Optical Spectroscopy Excites Potential for Superheavy Studies

A Consolidator Grant of EUR 2 million has been awarded to Mainz University physicist Dr. Mustapha Laatiaoui to support his research in the field of atomic and nuclear physics. He will be using the European Research Council (ERC) funds to develop a novel approach for optical spectroscopy of the superheavy elements.

Little information is currently available on superheavy elements, because they are difficult to produce, observe and analyse. The heaviest element that can be obtained in macroscopic amounts is fermium which has an atomic number 100; at present heavier elements can only be synthesised in single-atom-at-a-time quantities utilising large accelerator facilities. In addition, they are radioactive and rapidly decay, often within split seconds, which gives only little time to investigate them. Insights into superheavy element structures could be useful in the search for traces of even heavier elements, which might be created, for example, in neutron-star merger events.

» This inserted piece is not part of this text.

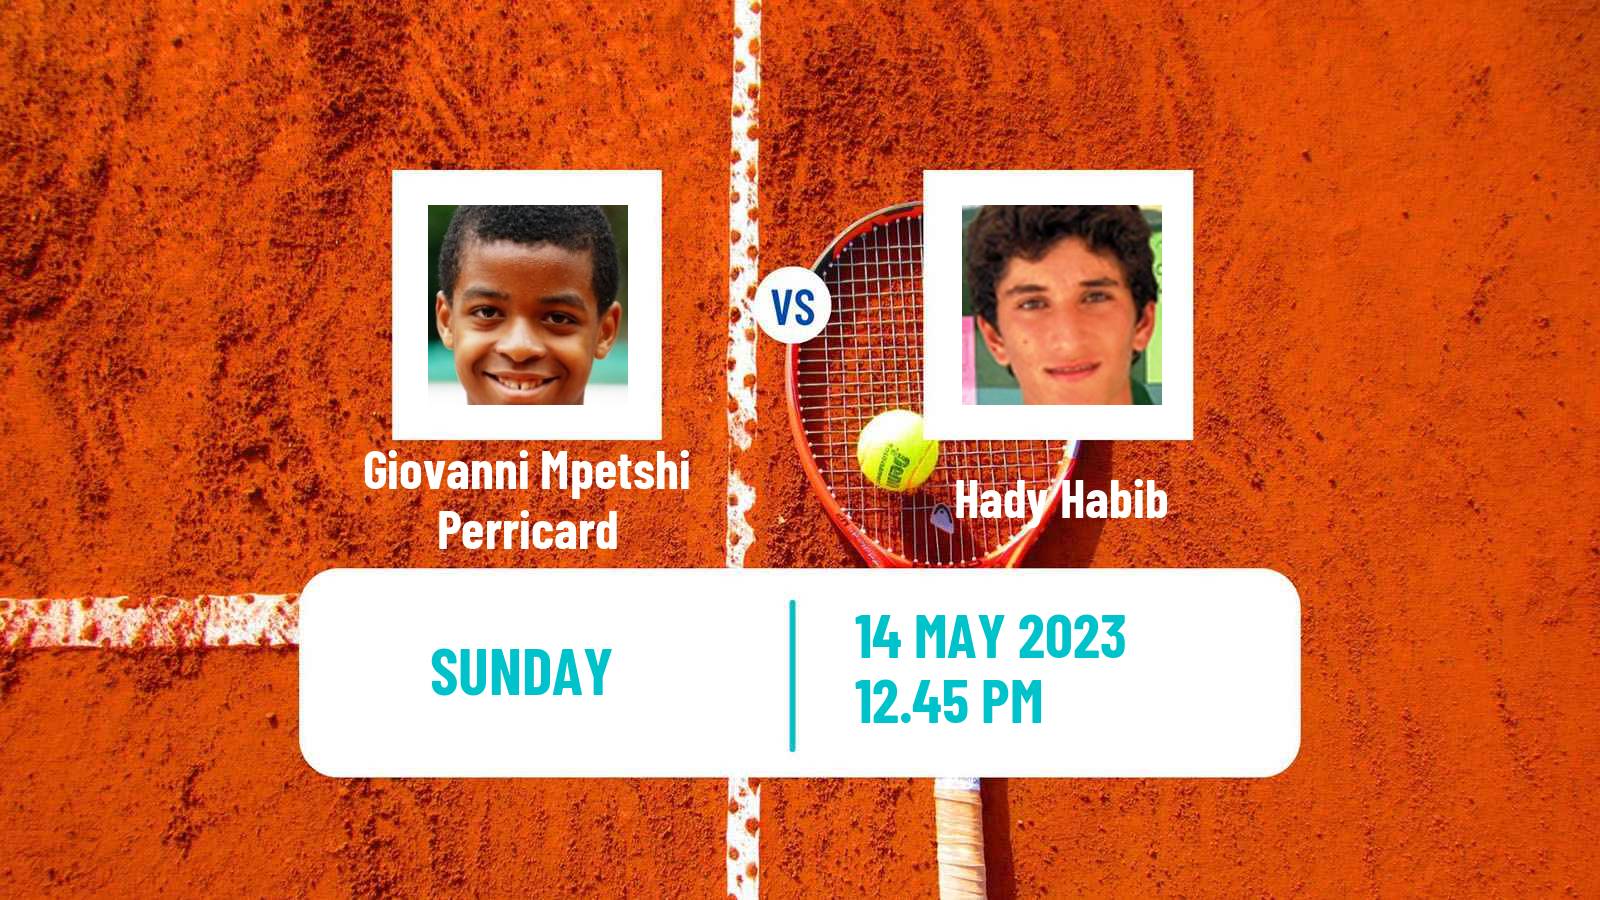 Tennis ATP Challenger Giovanni Mpetshi Perricard - Hady Habib

Dr Laatiaoui’s approach will employ the use of a laser beam, to excite positively charged ions instead of neutral atoms, which have been employed up to date when lacking tabulated spectral lines. "The search for optical resonances is a very complex process that requires a support from theory. The more precise the predictions indicate the position of the spectral lines, the easier it becomes to pinpoint the resonances," said Laatiaoui. If he can find the right wavelength to excite the ions, it will alter the ratio of ions in an excited metastable state to those ions in the ground state. The result will be easily measurable as the ions drift at different speeds through the apparatus to the detector.

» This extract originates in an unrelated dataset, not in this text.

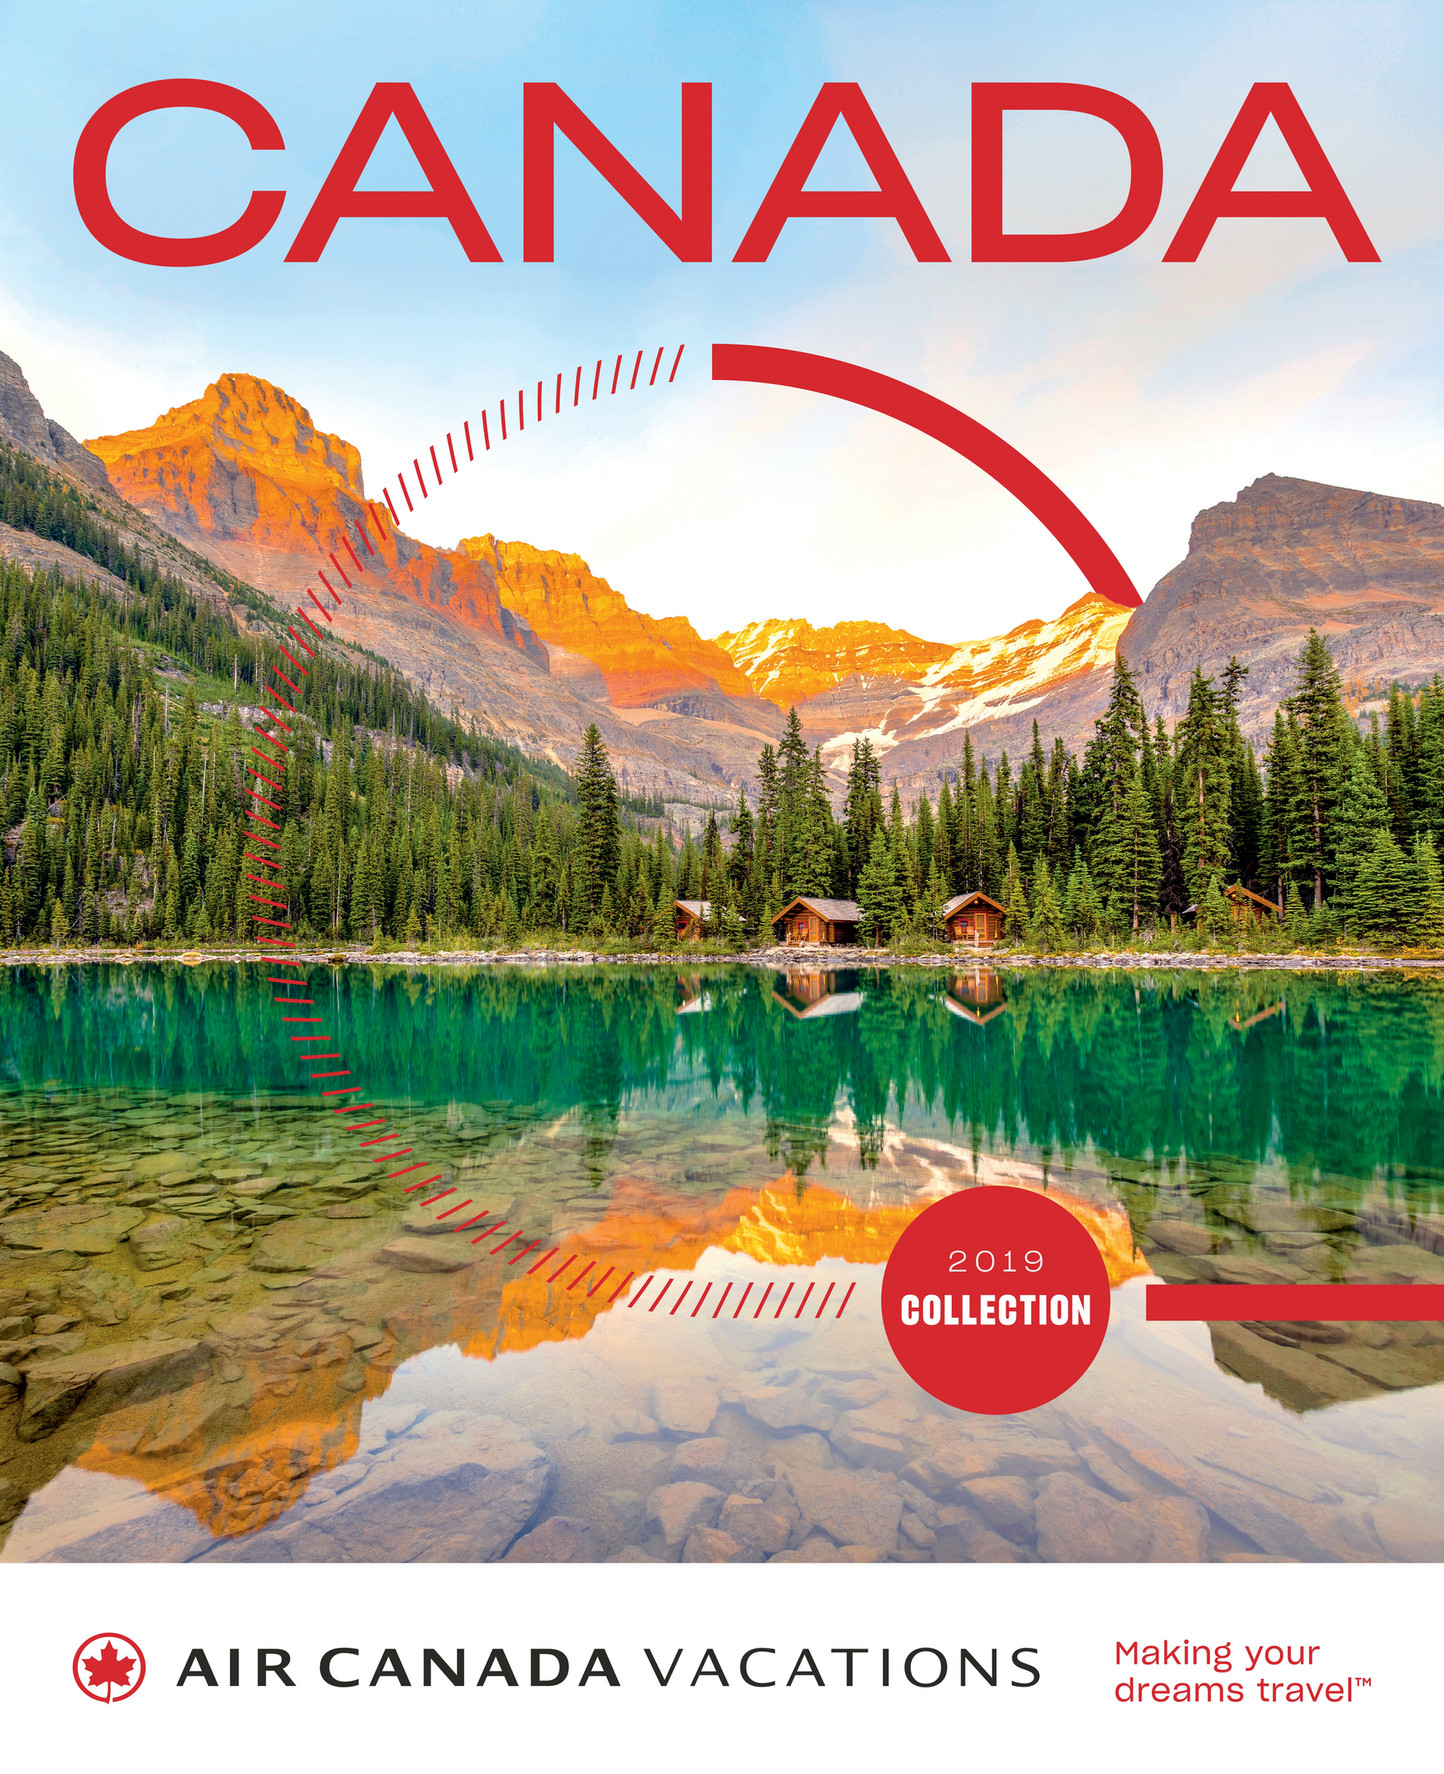 canadian travel deals website

Because the technique is based on laser excitation of particles and the analysis of their time of arrival at the detector, laser resonance chromatography (LRC) could well prove to be a highly sensitive and efficient detection method. Spectral lines can serve as powerful benchmarks for atomic model calculations in the region of the superheavy elements. In addition, they can provide insights into the properties of atomic nuclei, for instance, on the nuclear spin or the magnetic moment. With the newly identified fingerprint of a superheavy element, new routes opens up for astronomers trying to catch a glimpse of telltale photons from this element.